Pourtant, dans le contexte de tension énorme en Ukraine, un flash se produisant juste à côté de l’usine de production de têtes nucléaires la plus importante de Russie (Lesnoï, ancienne cité fermée de Sverdlovsk-45) aurait du susciter un peu plus d’interrogations…

Il est facile de tirer un missile nucléaire dans l’espace pour faire une explosion nucléaire que le réseau international de détecteurs, destiné à surveiller les essais nucléaires, ne peut pas détecter. D’autant que la Russie, en ce moment, souhaite tester ses missiles ballistiques, le Topol-M terrestre par exemple. Il est facile de le configurer pour qu’il explose en haute altitude ! Ajoutons à cela que la Russie a organisé une conférence de l’Organisation du Traité de Sécurité Collective (“l’OTAN russe”) sur la défense anti-missile, à Iekaterinburg, trois jours après le flash. Cela permet d’affirmer avec certitude que le test nucléaire était une démonstration du parapluie nucléaire anti-ICBMs russe.

Il n’y a pas d’impulsion électromagnétique car c’était une période d’intense activité solaire.

Des tests nucléaires spatiaux ont déjà été effectués par les Etats-Unis, au dessus de Hawaii, au début des années 1960 (opération “Starfish Prime”). La comparaison avec les images du “flash de Sverdlovsk” est frappante.

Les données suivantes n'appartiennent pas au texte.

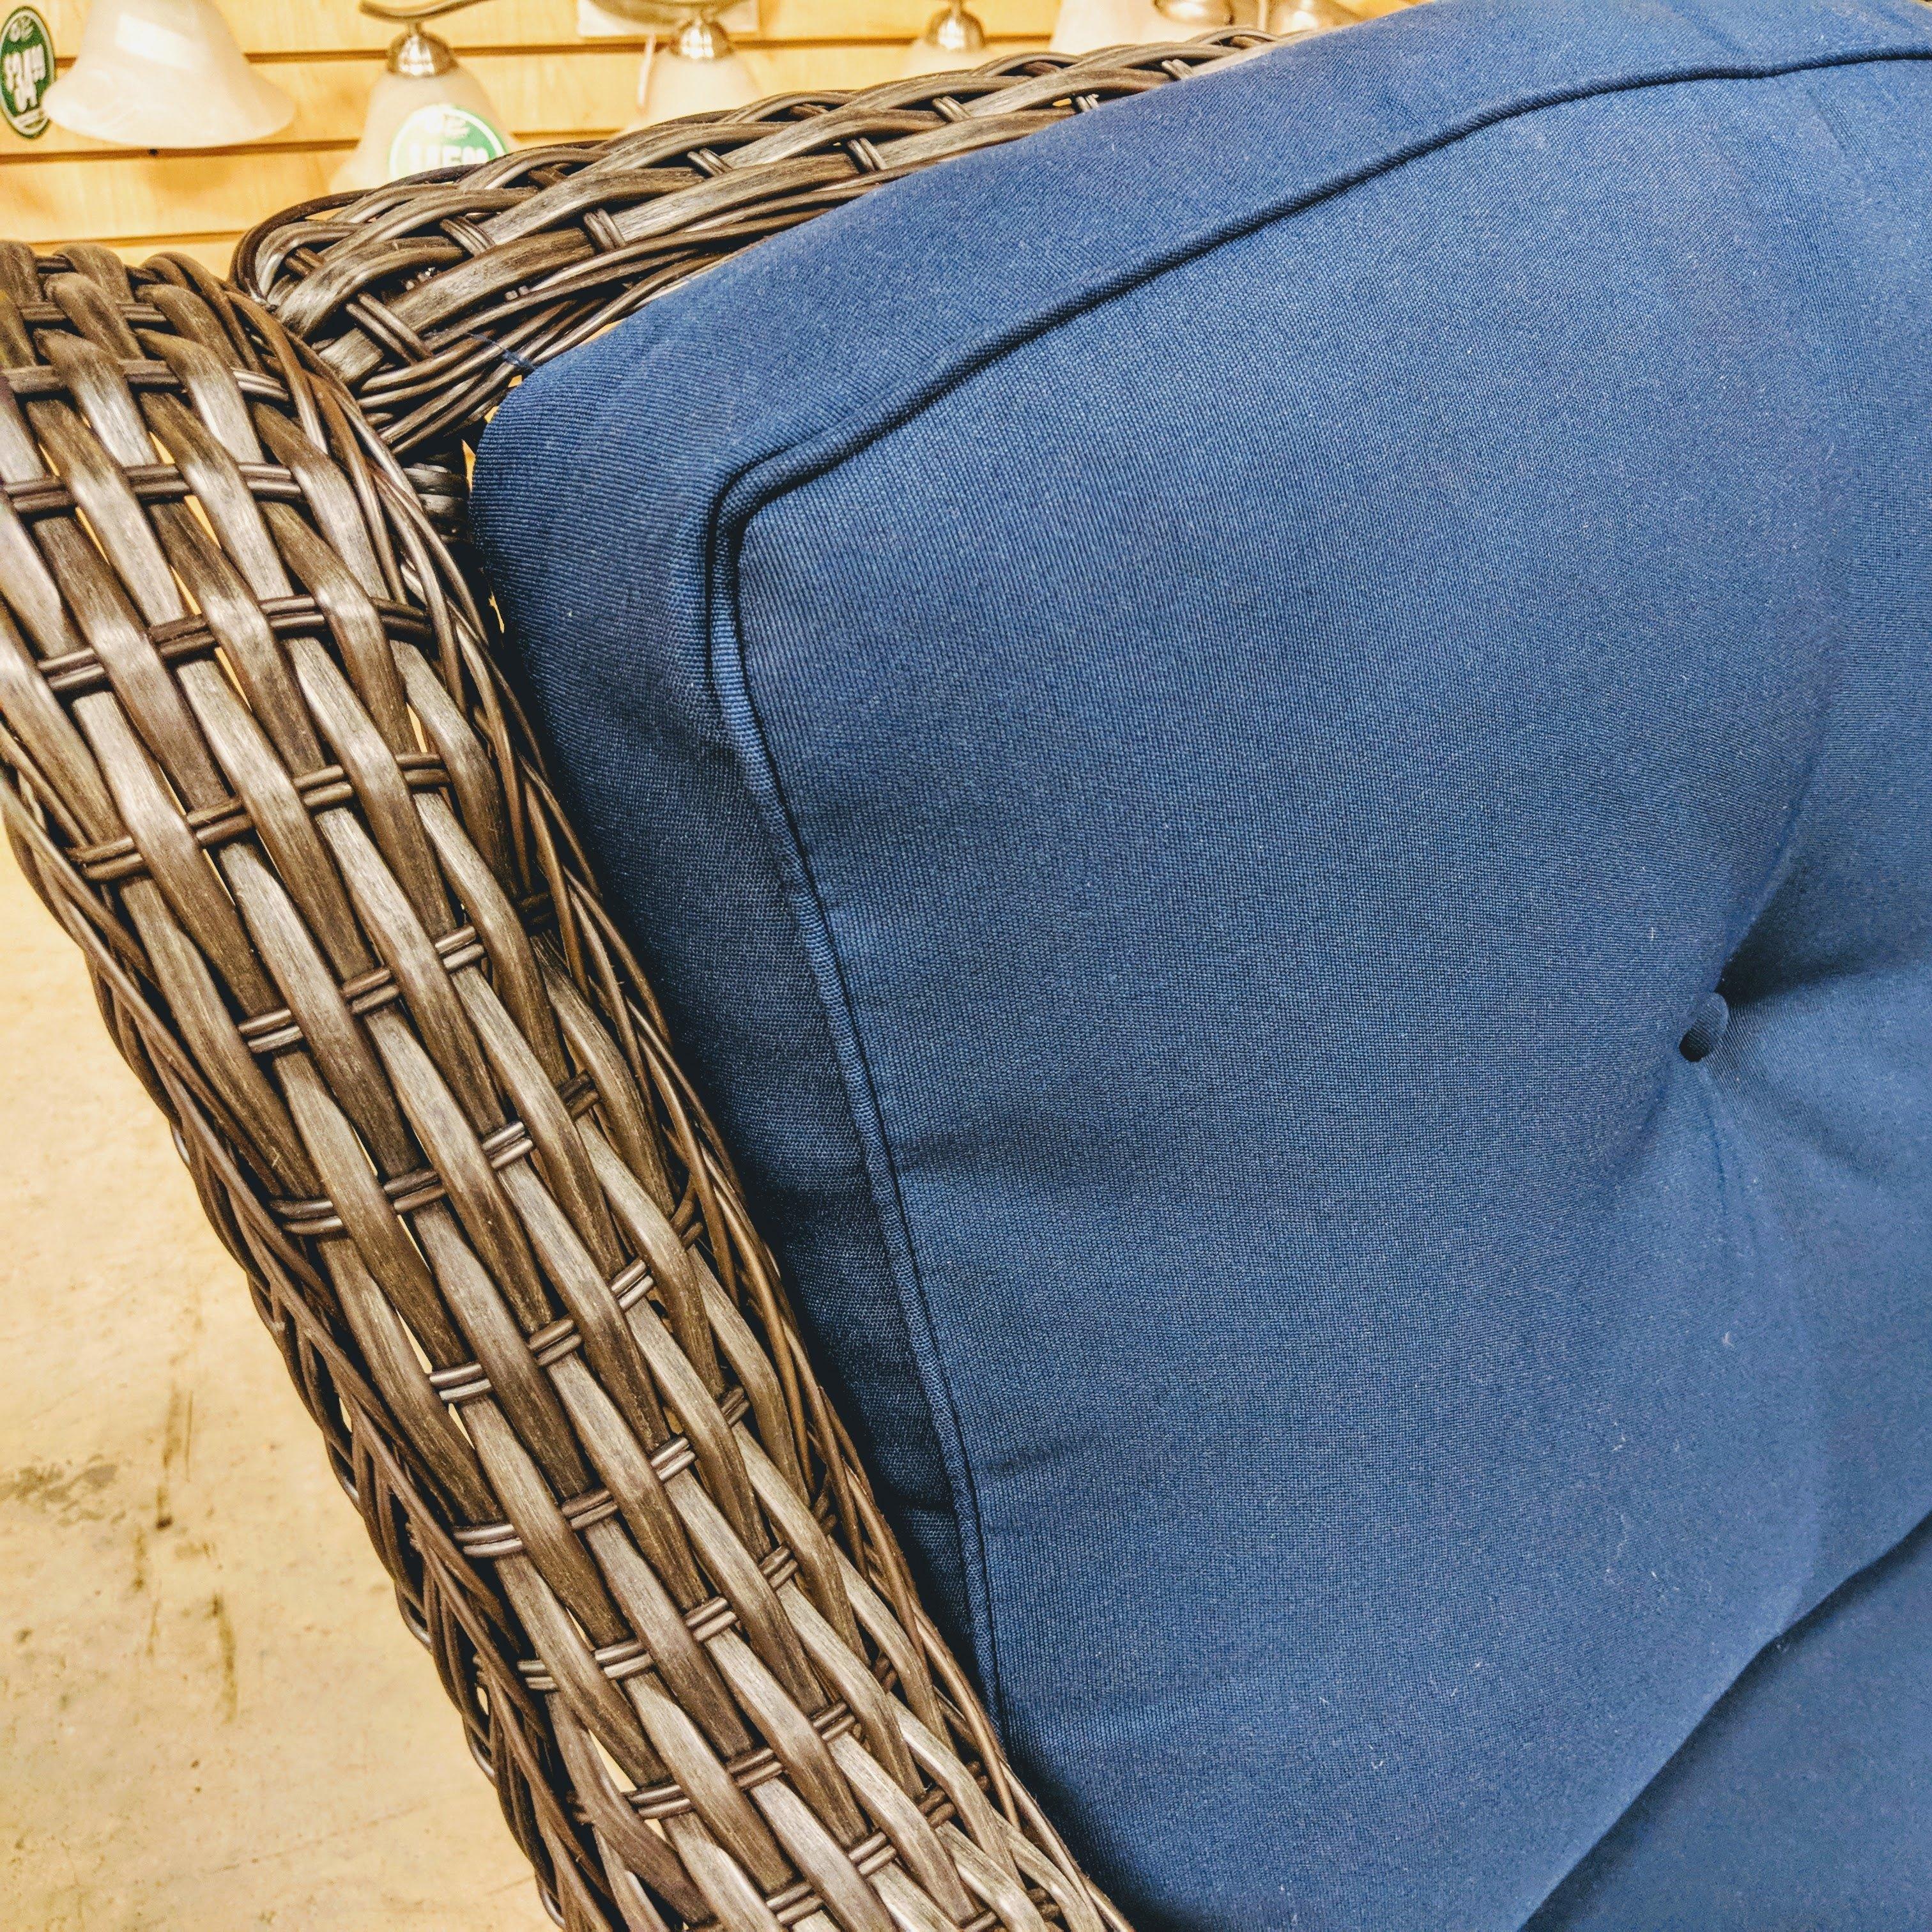 Wicker 3 Piece Swivel Glider Set with Blue Cushion

Dans un essai nucléaire spatial la boule de feu enfle beaucoup plus que dans l’atmosphère…

Explosion nucléaire Fishbowl de l'opération Starfish Prime
Explosion nucléaire Fishbowl de l’opération Starfish Prime

On notera de plus qu’aucun service de surveillance de l’espace (The Meteoritical Society par exemple) n’a signalé la chute d’une météorite autour de Iekaterinburg le 14 novembre 2014 ! Il aurait pourtant été extrêmement facile d’identifier le météore qui aurait causé ce flash s’il s’était agit d’un tel objet ! Aucune autre explication raisonnable que le test nucléaire ne reste donc à disposition ! Simplement, personne parmi les personnes ayant vu la vidéo n’y a vraiment pensé car cela paraissait tellement impossible, tellement déraisonnable de nos jours qu’on fasse encore des essais nucléaires que l’hypothèse était tout simplement impensable…

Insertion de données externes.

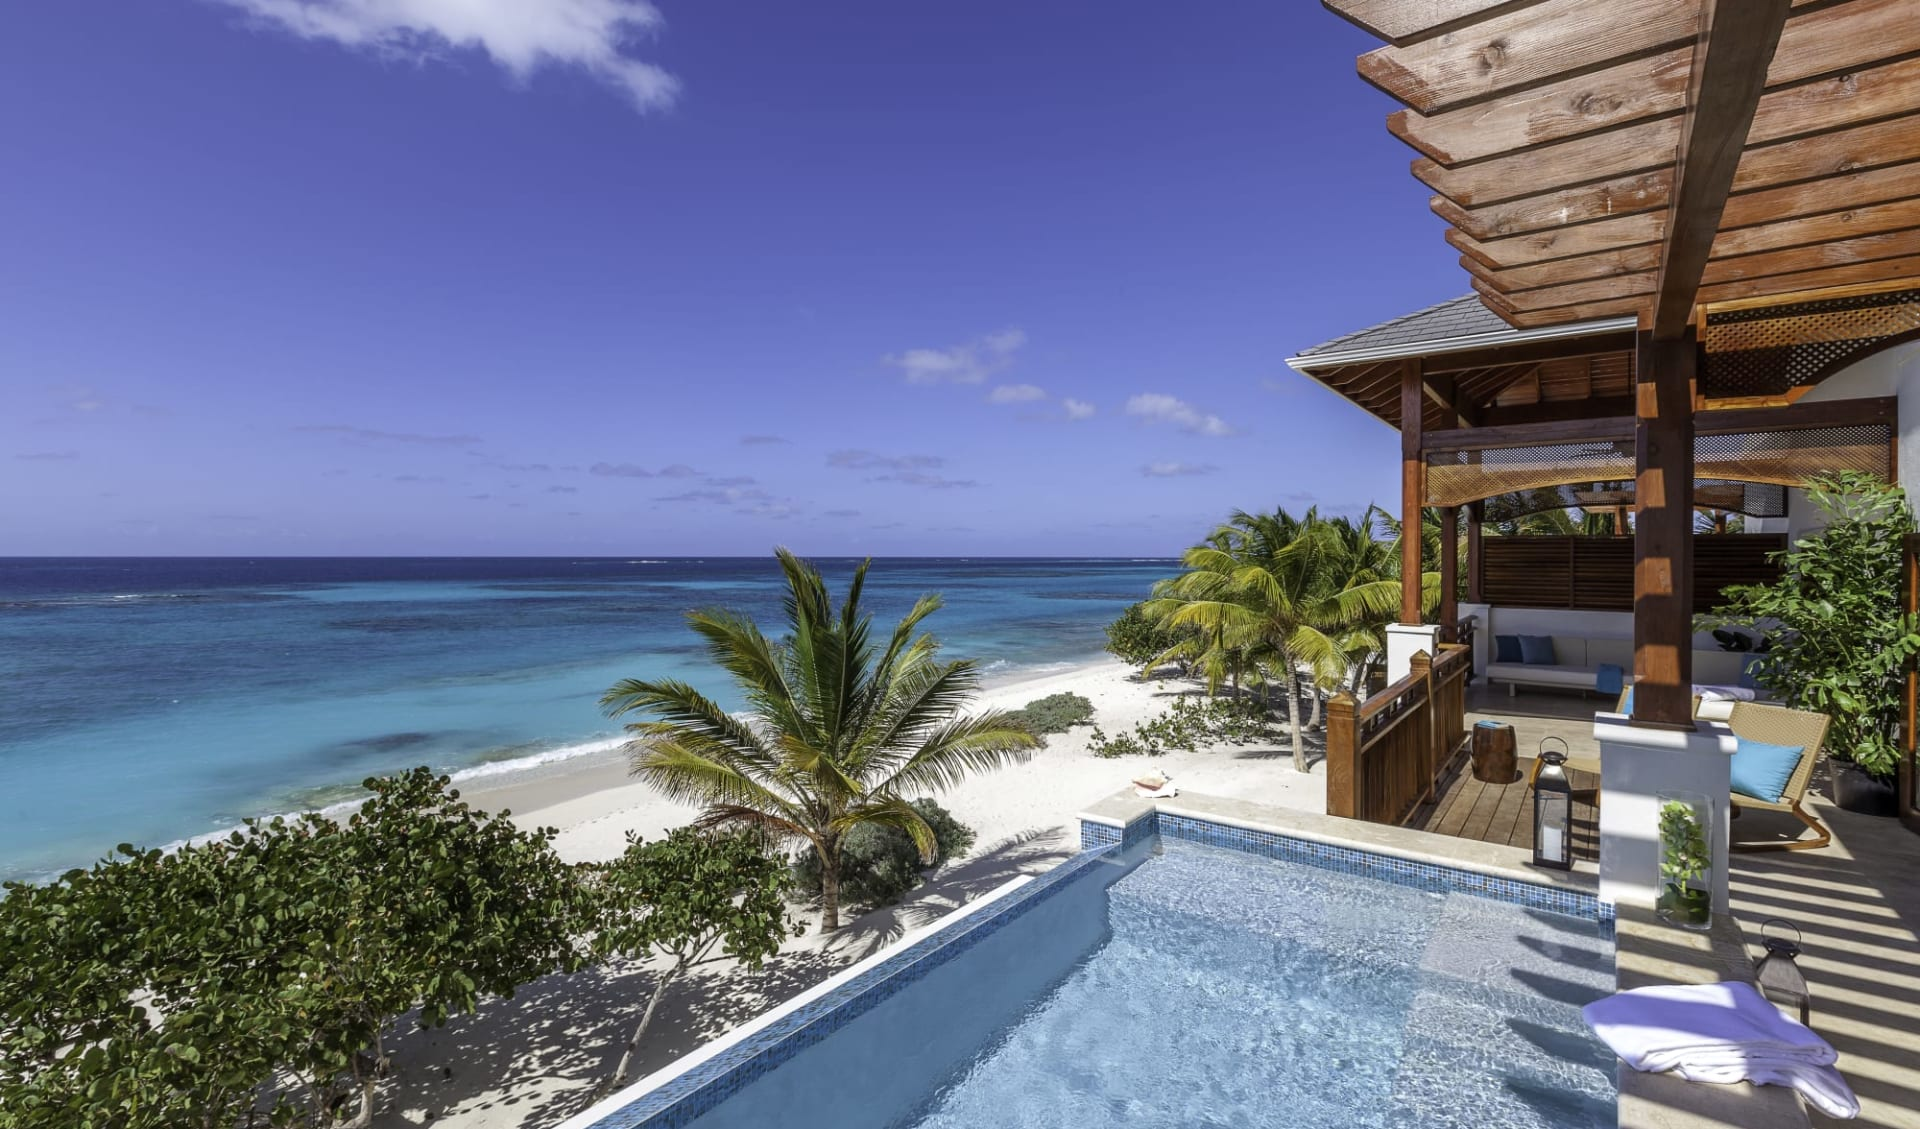 Zemi Beach House in Shoal Bay East:  Exterior Zemi Beach House Anguilla - Hotel und Strandansicht cHotel

  1. Un test nucléaire spatial est idéal pour contourner les détecteurs. Même les radionucléides ne peuvent être détectés car ceux-ci sont dispersés par les vents de très haute altitude, bien loin des récepteurs destinés à recueillir les produits de fission sur Terre. Mais le Traité d’interdiction partielle des essais nucléaires, dont la Russie est membre, interdit depuis 1963 les essais nucléaires extra-atmosphériques. Notons que les tests spatiaux ne sont surveillés que par les 33 satellites GPS américains : le réseau international indépendant de plus de 500 stations de surveillance de l’Organisation du Traité d’interdiction totale des essais atomiques (CTBTO) ne s’intéresse pas aux essais nucléaires spatiaux, considérés trop peu probables car requérant de trop importantes capacités technologiques ! Peu probable… sauf en Russie ? En tout cas si le CTBTO avait détecté l’essai il aurait donné l’alerte au niveau international, alors que les Américains n’ont aucune raison de le faire, et peut-être intérêt à garder l’information confidentielle pour ne pas déstabiliser encore plus le jeu géopolitique. Ou peut-être ont-ils simplement manqué le test ? Quand on voit comment, par exemple, est gérée la flotte nucléaire britannique (cf. rapport Wikileaks) on peut se poser la question… Il est connu que les zones polaires sont plus ou moins “hors d’atteinte” des satellites GPS, et Iekaterinburg n’en est pas si éloignée. De plus ces satellites sont-ils réellement prêts à surveiller les essais nucléaires spatiaux ? Ne sont-ils pas un peu concentrés sur la surveillance du sous-sol, utilisé par des pays comme la Corée du Nord pour dissimuler leurs tests ?

Rappelons que le 29 août est la journée internationale contre les essais nucléaires. Ce combat parait daté mais s’avère en fait d’une actualité urgente. Il faut condamner internationalement les agissements de la Russie et demander le désarmement nucléaire mondial.